One way to learn is to check out Naman’s award-winning podcast that he co-hosts called Rad Chat, which is designed for cancer patients. Episode 7 is “Radiotherapy Skin Care.” Also, members of the Society of Radiographers can sign up to the RISR special interest group that Naman established.

In addition to Rad Chat, he cites other resources that provide a wealth of information on cancer treatment perspectives geared for POC. These include Black Women Rising, Sakoon Through Cancer (for South Asian patients), and, South Asian Super Novas and From Me to You.


  1. Julka-Anderson N. Structural racism in radiation induced skin reaction toxicity scoring. J Med Imaging Radiat Sci. 2023 Oct 11:S1939-8654(23)01872-6. doi: 10.1016/j.jmir.2023.09.021. Epub ahead of print. PMID: 37833117.

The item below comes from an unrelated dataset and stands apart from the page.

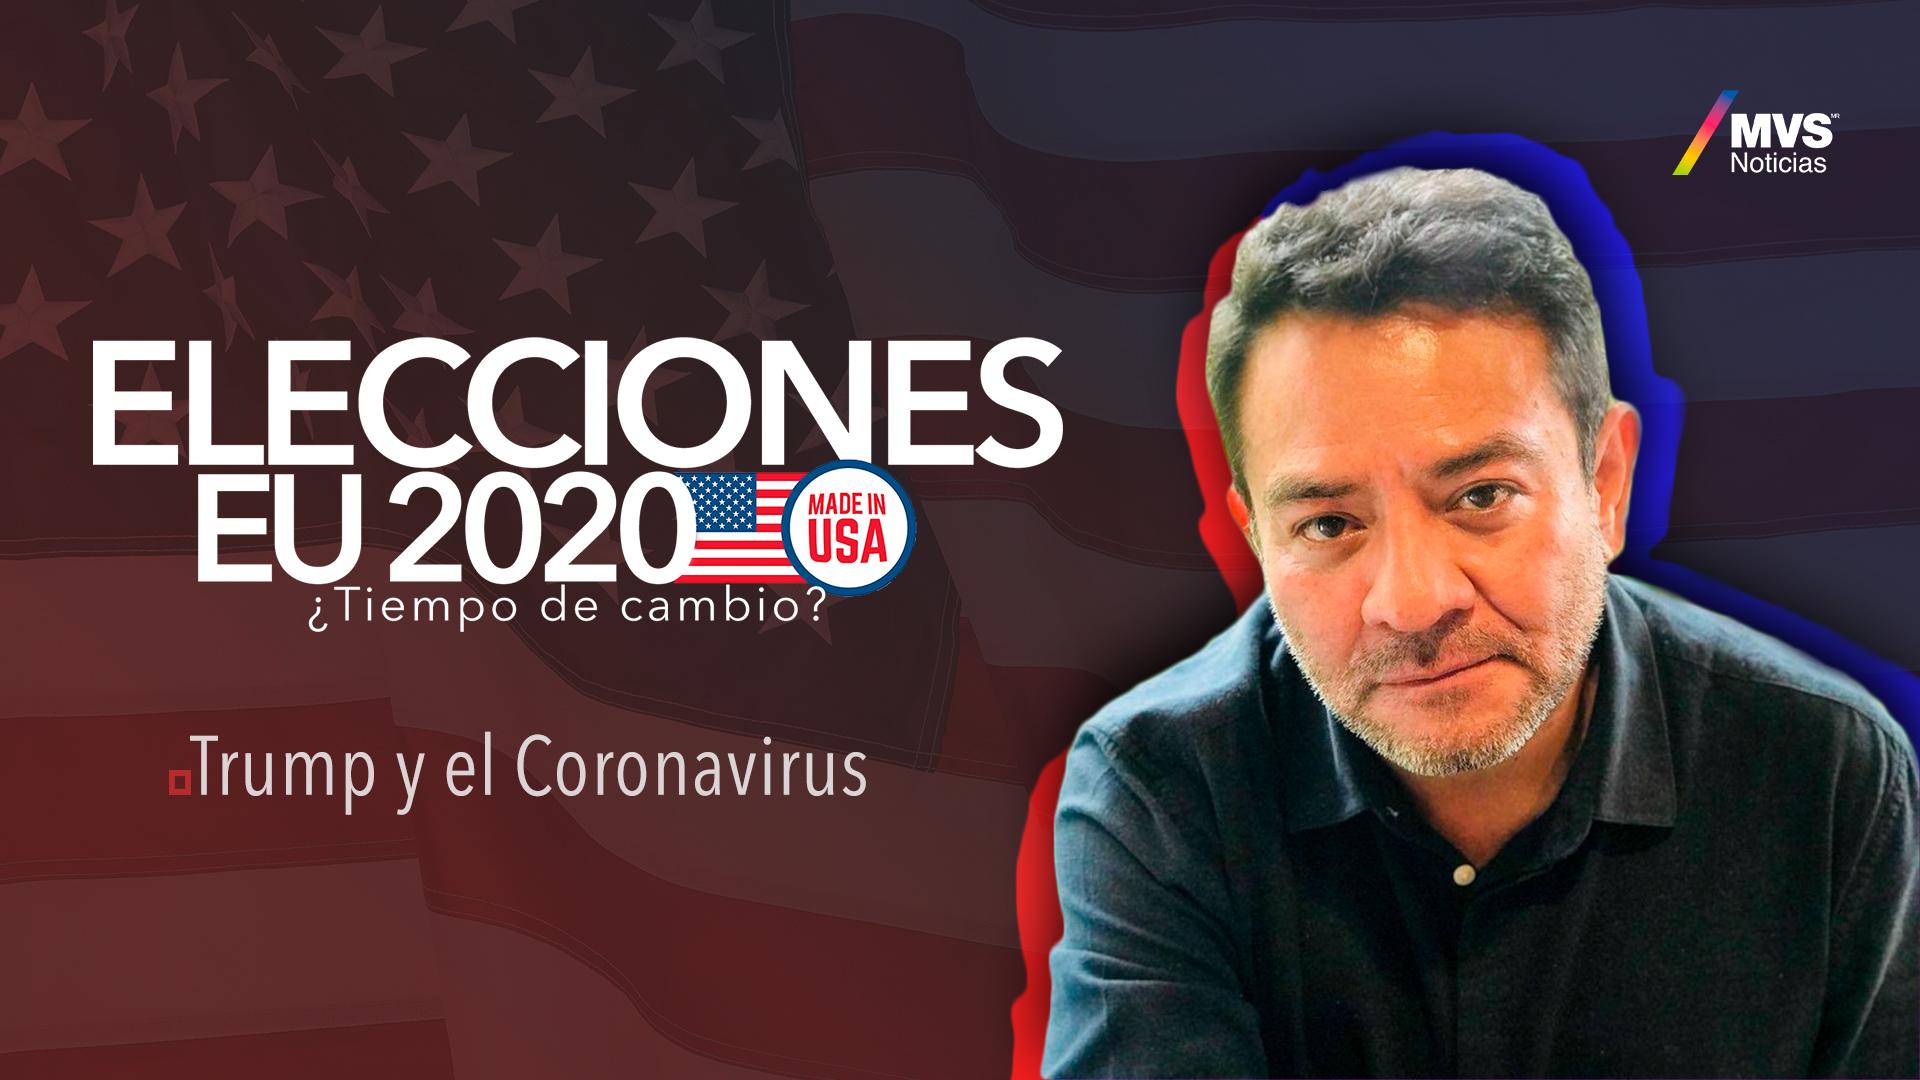 Trump y el Coronavirus
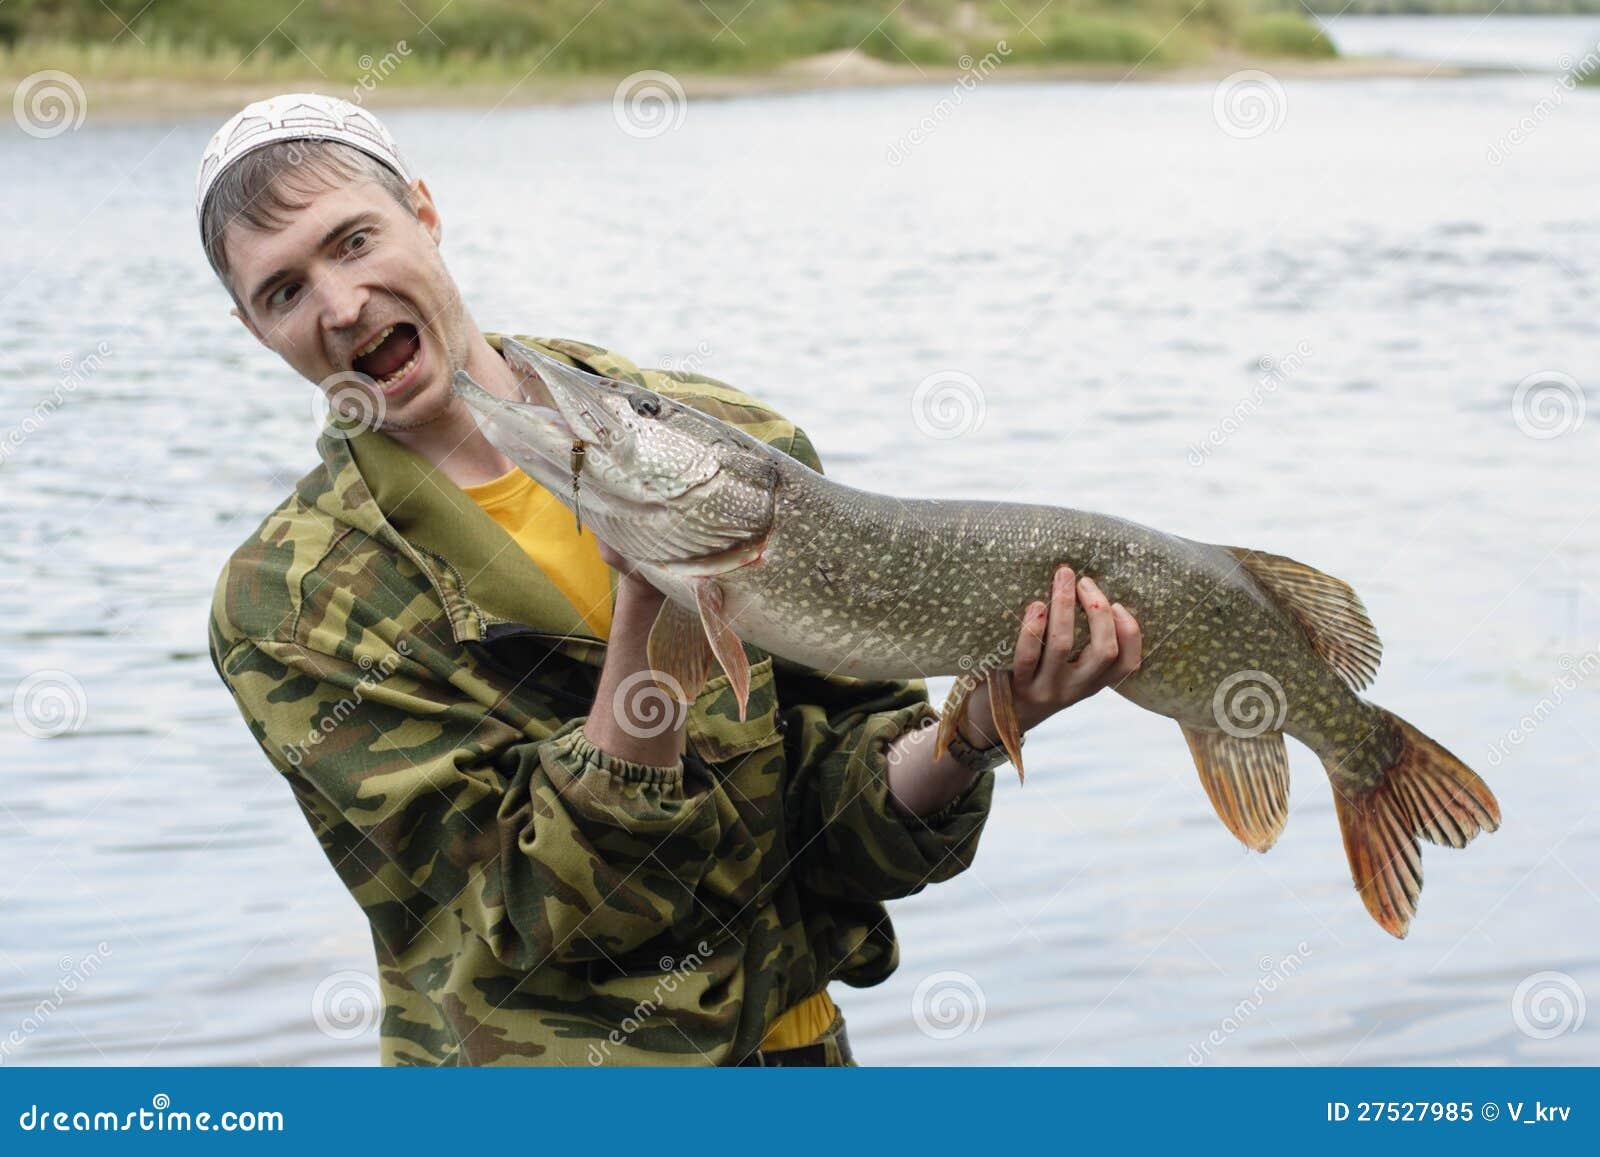 Новогодний, картинки с рыбаками держащие рыбу

  2. Ledford H. Millions of black people affected by racial bias in health-care algorithms. Nature. 2019 Oct;574(7780):608-609. doi: 10.1038/d41586-019-03228-6. PMID: 31664201.
  3. Sjoding MW, Dickson RP, Iwashyna TJ, et al. Racial bias in pulse oximetry measurement. N Engl J Med. 2020 Dec 17;383(25):2477-2478. doi: 10.1056/NEJMc2029240. Erratum in: N Engl J Med. 2021 Dec 23;385(26):2496. PMID: 33326721; PMCID: PMC7808260.
  4. Fawzy A, Wu TD, Wang K, Robinson ML, Farha J, Bradke A, Golden SH, Xu Y, Garibaldi BT. Racial and ethnic discrepancy in pulse oximetry and delayed identification of treatment eligibility among patients with COVID-19. JAMA Intern Med. 2022 Jul 1;182(7):730-738. doi: 10.1001/jamainternmed.2022.1906. Erratum in: JAMA Intern Med. 2022 Oct 1;182(10):1108. PMID: 35639368; PMCID: PMC9257583.
  5. Noor P. Can we trust AI not to further embed racial bias and prejudice? BMJ. 2020 Feb 12;368:m363. doi: 10.1136/bmj.m363. PMID: 32051165.
  6. Powell RA, Njoku C, Elangovan R, et al. Tackling racism in UK health research. BMJ. 2022;376:3065574.